HPE Ezmeral Software platform

Re: get drillbit hostname or IP address when connecting via zookeepers

 
SOLVED
Go to solution
MarkRajcok
Occasional Advisor

get drillbit hostname or IP address when connecting via zookeepers

I'm using a zookeeper connection string in a Scala program to get a connection to a drill cluster.
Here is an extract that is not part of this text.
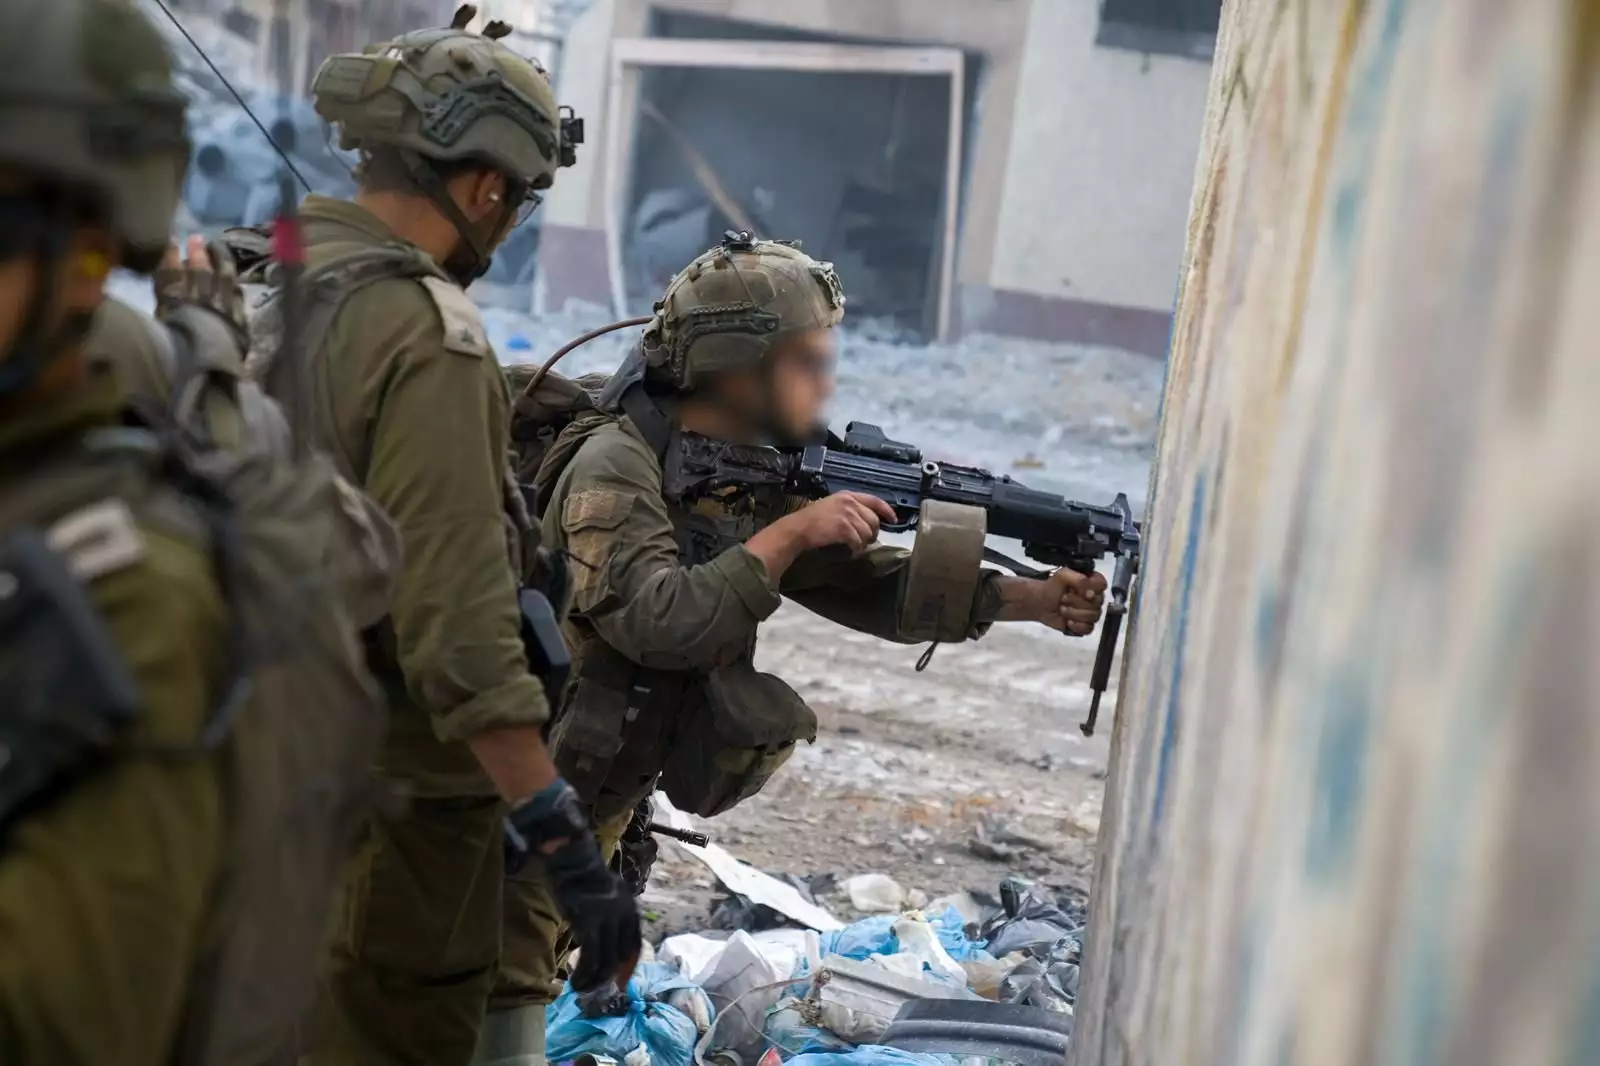 The results of the investigation of the wrong killing incident in the Israeli Army： This can be avoided but disposed of correctly broadcasting articles

I would like to log which drillbit (hostname or IP address) I successfully connected to, but I can't find any property or method on the java.sql.Connection class to get this information.

I tried connection.getMetaData.getURL, but that just returns the zookeeper connection string I used to get the connection (scala code below):

import java.sql._
Class.forName("com.mapr.drill.jdbc41.Driver")
val con = DriverManager.getConnection("jdbc:drill:zk=<server1>:5181,<server2>:5181/drill/<cluster_name>...")
con.getMetaData().getURL()  // returns "jdbc:drill:zk=<server1>..."
val st  = con.createStatement()
val res = st.executeQuery("select *,'findme' from sys.drillbits")
while(res.next()) { println(res.getString(1)) }

If I grep the drillbit_queries.json logs on all of the drillbit servers for findme, I can find which drillbit was used to execute the query. For tracking down connection issues, I'd like to be able to log which drillbit is being used from the Scala application, rather than have to grep logfiles.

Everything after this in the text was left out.